═══ Material provided

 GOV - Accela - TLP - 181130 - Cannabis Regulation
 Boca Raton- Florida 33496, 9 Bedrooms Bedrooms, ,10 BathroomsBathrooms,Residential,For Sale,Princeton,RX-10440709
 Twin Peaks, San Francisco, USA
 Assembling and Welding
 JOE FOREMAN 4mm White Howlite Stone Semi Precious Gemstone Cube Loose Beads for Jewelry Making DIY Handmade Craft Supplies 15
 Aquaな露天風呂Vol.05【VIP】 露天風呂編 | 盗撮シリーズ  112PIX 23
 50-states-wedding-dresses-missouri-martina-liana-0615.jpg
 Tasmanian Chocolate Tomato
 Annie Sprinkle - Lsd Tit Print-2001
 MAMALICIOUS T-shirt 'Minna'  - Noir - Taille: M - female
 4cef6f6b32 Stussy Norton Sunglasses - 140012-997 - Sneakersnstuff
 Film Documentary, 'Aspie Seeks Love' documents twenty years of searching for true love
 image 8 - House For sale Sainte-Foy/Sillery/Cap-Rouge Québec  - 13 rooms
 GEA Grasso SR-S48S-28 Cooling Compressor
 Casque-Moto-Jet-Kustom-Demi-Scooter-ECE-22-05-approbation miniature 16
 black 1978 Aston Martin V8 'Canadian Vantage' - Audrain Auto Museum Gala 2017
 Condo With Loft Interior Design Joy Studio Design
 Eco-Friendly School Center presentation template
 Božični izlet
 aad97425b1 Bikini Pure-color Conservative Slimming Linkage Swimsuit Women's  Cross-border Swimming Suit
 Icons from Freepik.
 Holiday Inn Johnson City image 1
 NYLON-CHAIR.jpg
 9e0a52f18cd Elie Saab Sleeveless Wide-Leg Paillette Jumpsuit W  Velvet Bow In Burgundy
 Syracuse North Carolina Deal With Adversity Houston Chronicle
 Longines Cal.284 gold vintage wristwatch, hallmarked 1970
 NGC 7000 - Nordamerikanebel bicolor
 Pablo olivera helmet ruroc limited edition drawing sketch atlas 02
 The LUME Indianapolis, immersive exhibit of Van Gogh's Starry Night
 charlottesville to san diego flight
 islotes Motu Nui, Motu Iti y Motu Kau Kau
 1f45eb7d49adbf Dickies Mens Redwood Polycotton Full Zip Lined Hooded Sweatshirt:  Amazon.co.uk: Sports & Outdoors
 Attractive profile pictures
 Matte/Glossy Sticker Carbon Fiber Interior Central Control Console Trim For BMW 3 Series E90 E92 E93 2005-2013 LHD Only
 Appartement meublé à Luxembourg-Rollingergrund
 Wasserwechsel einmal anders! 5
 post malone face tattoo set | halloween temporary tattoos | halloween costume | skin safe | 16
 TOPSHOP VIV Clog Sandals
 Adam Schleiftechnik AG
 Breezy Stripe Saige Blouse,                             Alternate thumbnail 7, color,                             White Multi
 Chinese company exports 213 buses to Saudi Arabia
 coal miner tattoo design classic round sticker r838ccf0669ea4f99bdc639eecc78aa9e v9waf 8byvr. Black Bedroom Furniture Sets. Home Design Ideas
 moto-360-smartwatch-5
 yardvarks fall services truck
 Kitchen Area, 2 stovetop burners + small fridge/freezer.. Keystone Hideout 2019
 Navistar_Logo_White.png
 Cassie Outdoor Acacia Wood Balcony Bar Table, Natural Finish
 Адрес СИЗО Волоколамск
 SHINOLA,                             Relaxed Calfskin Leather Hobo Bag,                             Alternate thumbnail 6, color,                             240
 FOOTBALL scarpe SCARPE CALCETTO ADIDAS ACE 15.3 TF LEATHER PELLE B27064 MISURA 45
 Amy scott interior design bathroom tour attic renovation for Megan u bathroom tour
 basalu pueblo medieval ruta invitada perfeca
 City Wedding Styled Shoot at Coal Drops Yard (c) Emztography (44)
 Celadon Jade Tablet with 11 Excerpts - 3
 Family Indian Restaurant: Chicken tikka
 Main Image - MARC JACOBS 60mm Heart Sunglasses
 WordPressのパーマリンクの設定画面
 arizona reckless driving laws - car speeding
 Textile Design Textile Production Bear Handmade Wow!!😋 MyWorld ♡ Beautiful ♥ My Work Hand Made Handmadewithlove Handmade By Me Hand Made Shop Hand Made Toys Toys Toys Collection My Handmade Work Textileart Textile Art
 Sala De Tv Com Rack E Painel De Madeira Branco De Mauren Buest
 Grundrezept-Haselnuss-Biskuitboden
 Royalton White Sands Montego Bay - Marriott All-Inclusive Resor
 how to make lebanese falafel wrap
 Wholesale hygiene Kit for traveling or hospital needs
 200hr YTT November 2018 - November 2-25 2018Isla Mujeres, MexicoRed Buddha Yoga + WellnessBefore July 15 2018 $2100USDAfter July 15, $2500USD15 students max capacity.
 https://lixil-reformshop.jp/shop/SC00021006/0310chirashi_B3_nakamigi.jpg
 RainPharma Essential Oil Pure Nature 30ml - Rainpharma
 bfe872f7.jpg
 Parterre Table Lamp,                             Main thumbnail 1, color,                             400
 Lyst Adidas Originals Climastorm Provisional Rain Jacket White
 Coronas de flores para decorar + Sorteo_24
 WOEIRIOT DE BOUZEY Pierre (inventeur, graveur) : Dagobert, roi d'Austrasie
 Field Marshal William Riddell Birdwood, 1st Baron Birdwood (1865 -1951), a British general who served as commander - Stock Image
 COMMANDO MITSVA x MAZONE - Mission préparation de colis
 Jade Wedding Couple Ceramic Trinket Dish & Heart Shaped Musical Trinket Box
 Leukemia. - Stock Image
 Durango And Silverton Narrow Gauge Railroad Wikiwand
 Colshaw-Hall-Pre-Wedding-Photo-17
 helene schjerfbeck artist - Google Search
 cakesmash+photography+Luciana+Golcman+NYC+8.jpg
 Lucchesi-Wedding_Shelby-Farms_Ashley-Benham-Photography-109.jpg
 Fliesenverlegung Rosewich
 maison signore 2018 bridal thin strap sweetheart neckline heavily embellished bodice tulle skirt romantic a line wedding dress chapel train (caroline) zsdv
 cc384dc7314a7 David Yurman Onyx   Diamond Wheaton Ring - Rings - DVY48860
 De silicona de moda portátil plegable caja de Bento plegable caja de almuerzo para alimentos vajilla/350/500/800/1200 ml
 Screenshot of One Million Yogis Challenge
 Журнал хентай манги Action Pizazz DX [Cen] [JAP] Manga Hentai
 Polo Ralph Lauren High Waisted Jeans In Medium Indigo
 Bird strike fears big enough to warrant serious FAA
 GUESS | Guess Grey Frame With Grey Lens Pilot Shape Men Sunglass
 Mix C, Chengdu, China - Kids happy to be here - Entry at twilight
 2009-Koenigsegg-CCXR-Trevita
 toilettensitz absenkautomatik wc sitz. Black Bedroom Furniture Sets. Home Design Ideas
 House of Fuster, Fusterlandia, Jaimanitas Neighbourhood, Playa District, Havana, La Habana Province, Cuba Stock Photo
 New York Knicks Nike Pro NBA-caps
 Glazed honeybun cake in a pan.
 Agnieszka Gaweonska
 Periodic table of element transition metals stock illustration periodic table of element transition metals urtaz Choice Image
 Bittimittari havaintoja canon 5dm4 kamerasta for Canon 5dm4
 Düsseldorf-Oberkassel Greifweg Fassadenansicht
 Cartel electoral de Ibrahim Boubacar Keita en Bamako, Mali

══════

Exercise details: Scan the entries above for the word "Furniture" and collect each line holding it.

Expected answer:
 coal miner tattoo design classic round sticker r838ccf0669ea4f99bdc639eecc78aa9e v9waf 8byvr. Black Bedroom Furniture Sets. Home Design Ideas
 toilettensitz absenkautomatik wc sitz. Black Bedroom Furniture Sets. Home Design Ideas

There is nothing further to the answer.